SEAR: Scaling Experiences in Multi-user Augmented Reality

IEEE Trans Vis Comput Graph. 2022 May;28(5):1982-1992. doi: 10.1109/TVCG.2022.3150467. Epub 2022 Apr 8.

Abstract

In this paper, we present the design, implementation, and evaluation of SEAR, a collaborative framework for Scaling Experiences in multi-user Augmented Reality (AR). Most AR systems benefit from computer vision (CV) algorithms to detect, classify, or recognize physical objects for augmentation. A widely used acceleration method for mobile AR is to offload the compute-intensive tasks (e.g., CV algorithms) to the network edge.
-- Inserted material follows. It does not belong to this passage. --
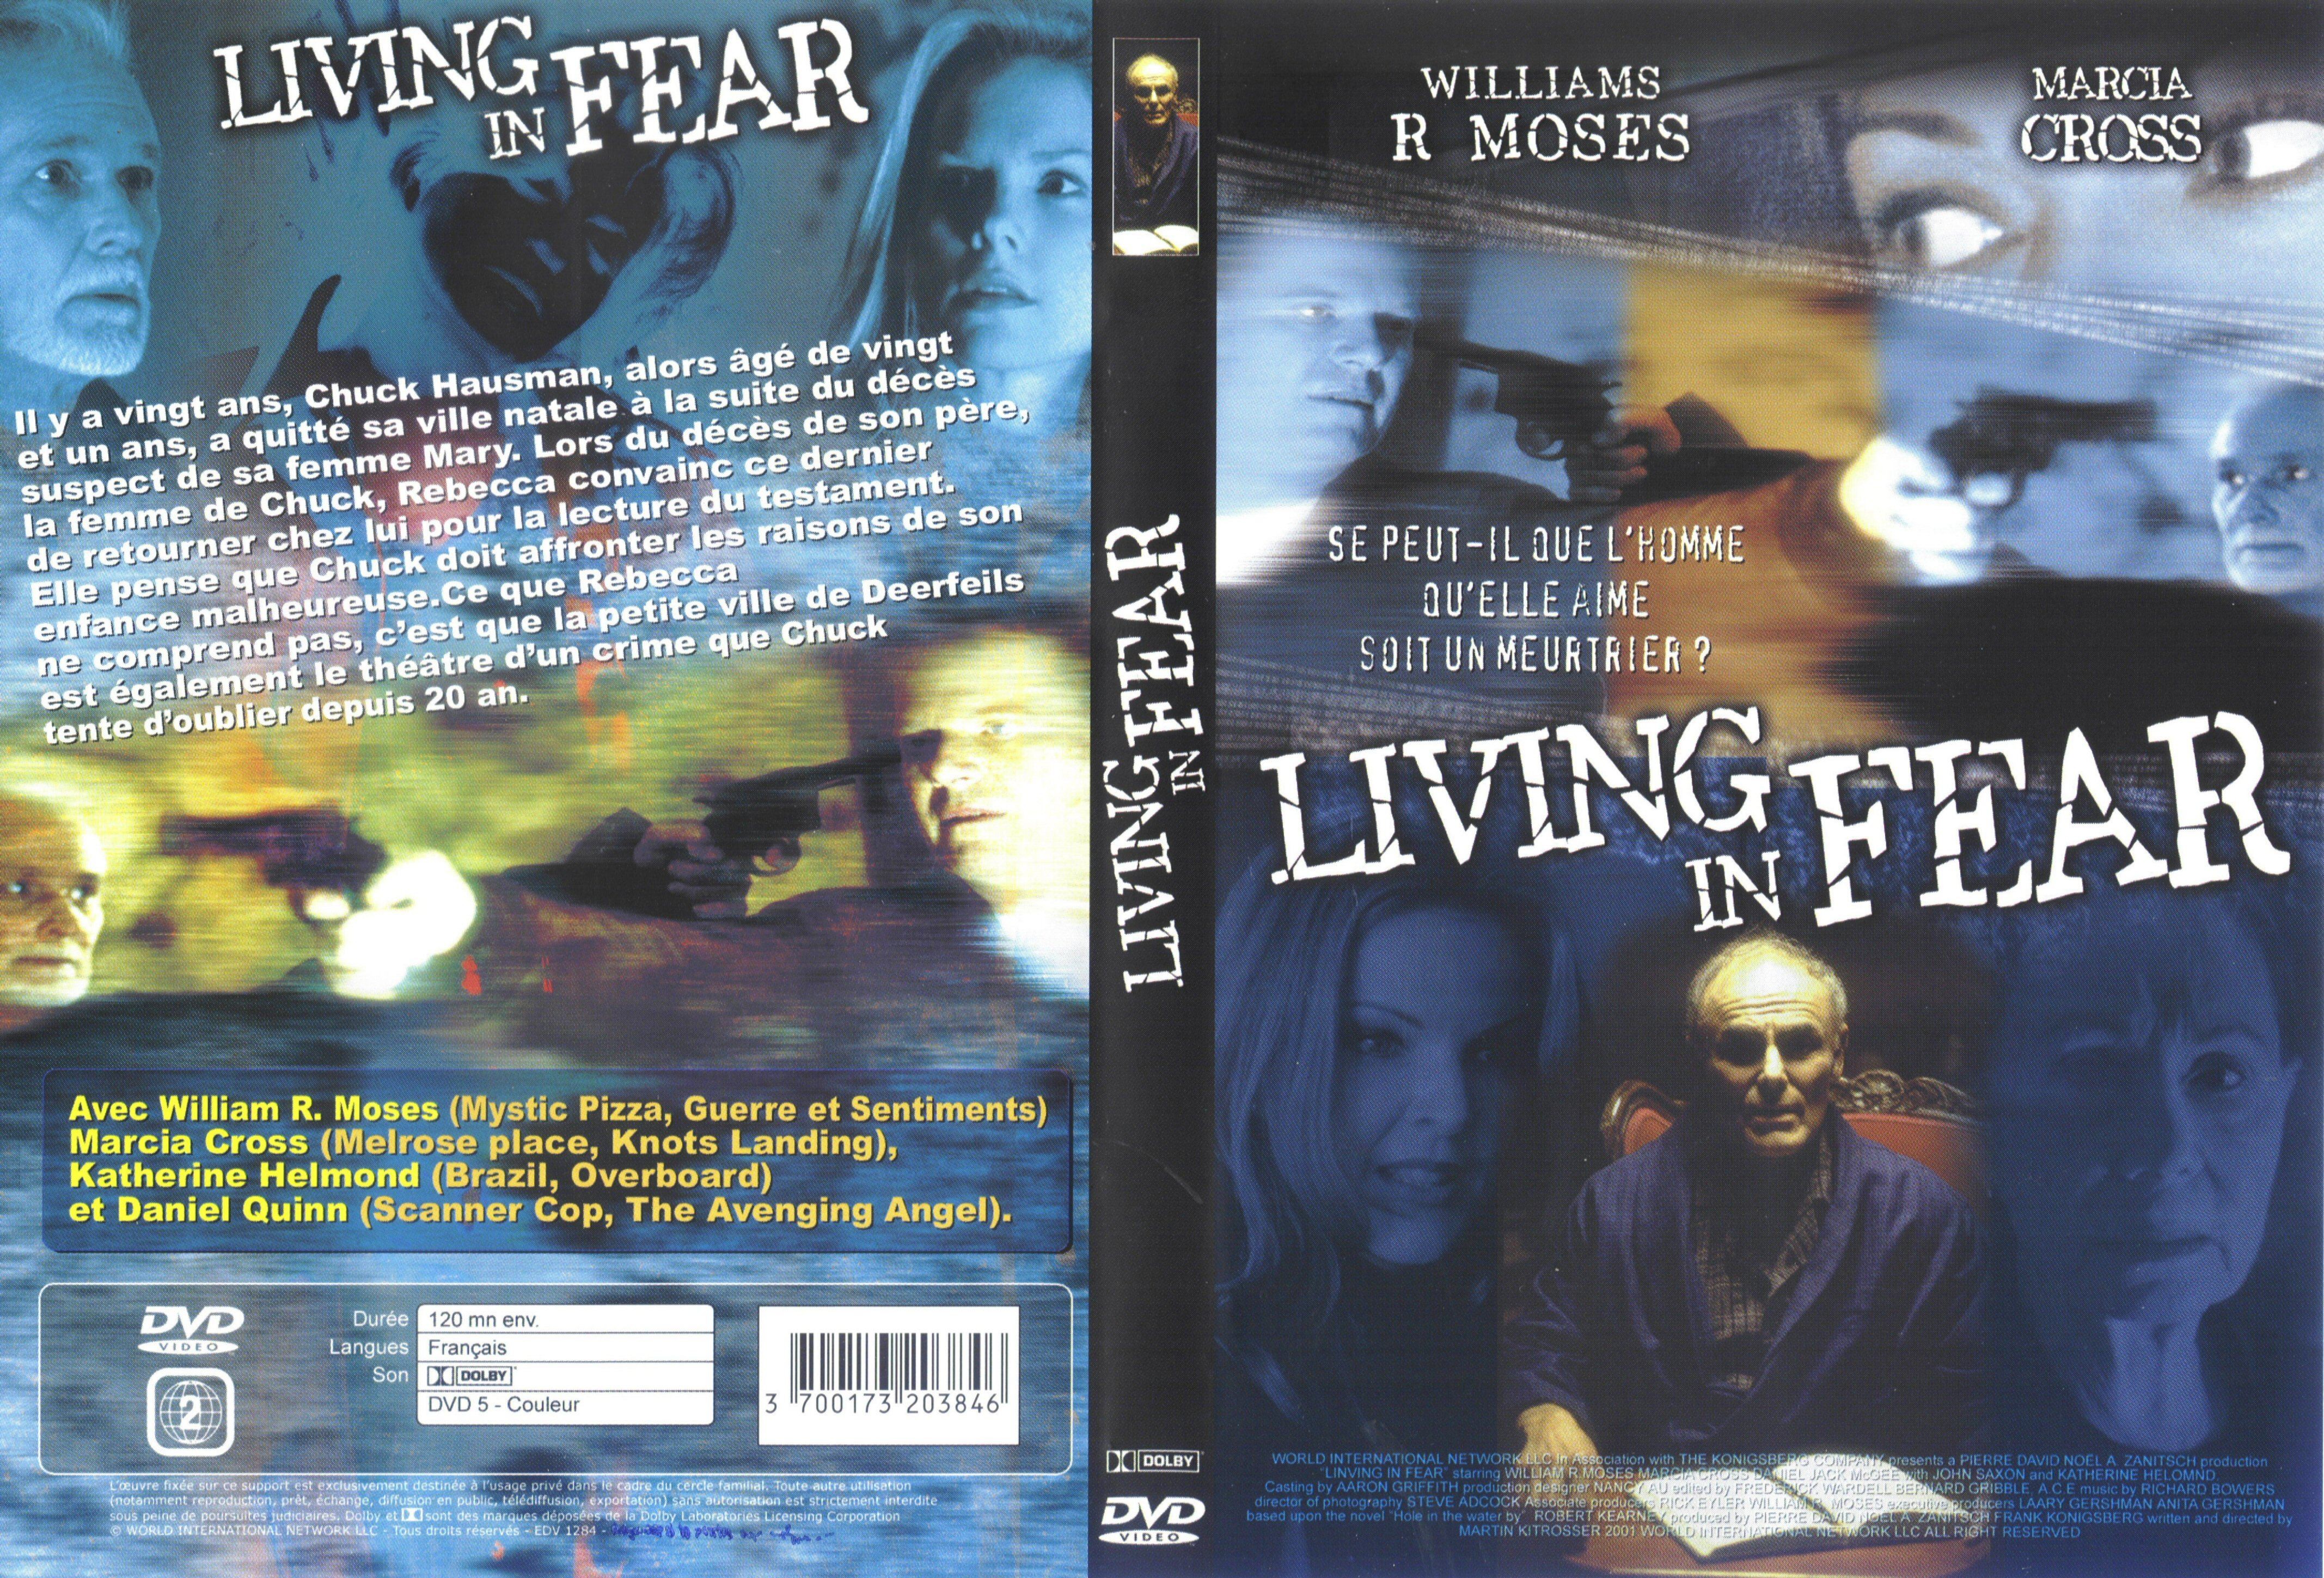 Jaquette DVD Living in fear

However, we show that the end-to-end latency, an important metric of mobile AR, may dramatically increase when offloading AR tasks from a large number of concurrent users to the edge. SEAR tackles this scalability issue through the innovation of a lightweight collaborative local caching scheme. Our key observation is that nearby AR users may share some common interests, and may even have overlapped views to augment (e.g., when playing a multi-user AR game). Thus, SEAR opportunistically exchanges the results of offloaded AR tasks among users when feasible and leverages compute resources on mobile devices to relieve, if necessary, the edge workload by intelligently reusing these results. We build a prototype of SEAR to demonstrate its efficacy in scaling AR experiences. We conduct extensive evaluations through both real-world experiments and trace-driven simulations. We observe that SEAR not only reduces the end-to-end latency, by up to 130×, compared to the state-of-the-art adaptive edge offloading scheme, but also achieves high object-recognition accuracy for mobile AR.